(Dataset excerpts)
/---
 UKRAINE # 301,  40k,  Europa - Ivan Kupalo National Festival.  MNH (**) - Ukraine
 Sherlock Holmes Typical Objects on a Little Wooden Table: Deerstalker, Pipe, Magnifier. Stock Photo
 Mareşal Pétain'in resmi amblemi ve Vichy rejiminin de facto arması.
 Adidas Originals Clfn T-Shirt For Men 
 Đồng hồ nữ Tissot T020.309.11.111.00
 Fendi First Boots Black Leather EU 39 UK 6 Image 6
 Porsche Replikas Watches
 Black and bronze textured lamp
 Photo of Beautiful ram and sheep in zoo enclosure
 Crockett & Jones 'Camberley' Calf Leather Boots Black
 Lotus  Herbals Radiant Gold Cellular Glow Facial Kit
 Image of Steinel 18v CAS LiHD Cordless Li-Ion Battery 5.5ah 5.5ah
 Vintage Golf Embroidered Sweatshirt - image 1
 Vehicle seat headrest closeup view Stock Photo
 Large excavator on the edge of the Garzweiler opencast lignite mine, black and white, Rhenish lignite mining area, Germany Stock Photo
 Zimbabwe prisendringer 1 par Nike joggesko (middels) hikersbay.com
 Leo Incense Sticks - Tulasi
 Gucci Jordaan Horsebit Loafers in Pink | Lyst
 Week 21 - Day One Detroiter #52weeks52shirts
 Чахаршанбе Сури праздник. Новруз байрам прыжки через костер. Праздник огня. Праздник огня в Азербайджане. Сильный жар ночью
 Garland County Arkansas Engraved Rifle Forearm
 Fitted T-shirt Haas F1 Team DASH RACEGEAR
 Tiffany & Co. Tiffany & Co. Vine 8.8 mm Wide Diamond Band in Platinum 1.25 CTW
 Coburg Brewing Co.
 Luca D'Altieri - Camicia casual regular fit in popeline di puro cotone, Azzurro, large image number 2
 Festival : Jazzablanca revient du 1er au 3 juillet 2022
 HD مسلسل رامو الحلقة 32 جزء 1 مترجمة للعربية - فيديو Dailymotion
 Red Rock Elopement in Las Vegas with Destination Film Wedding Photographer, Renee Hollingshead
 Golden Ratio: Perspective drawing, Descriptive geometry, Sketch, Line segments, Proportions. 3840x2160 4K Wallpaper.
\---
Lines containing the word "Boots" are to be located in the entries and copied.

### [Reply to the task]
 Fendi First Boots Black Leather EU 39 UK 6 Image 6
 Crockett & Jones 'Camberley' Calf Leather Boots Black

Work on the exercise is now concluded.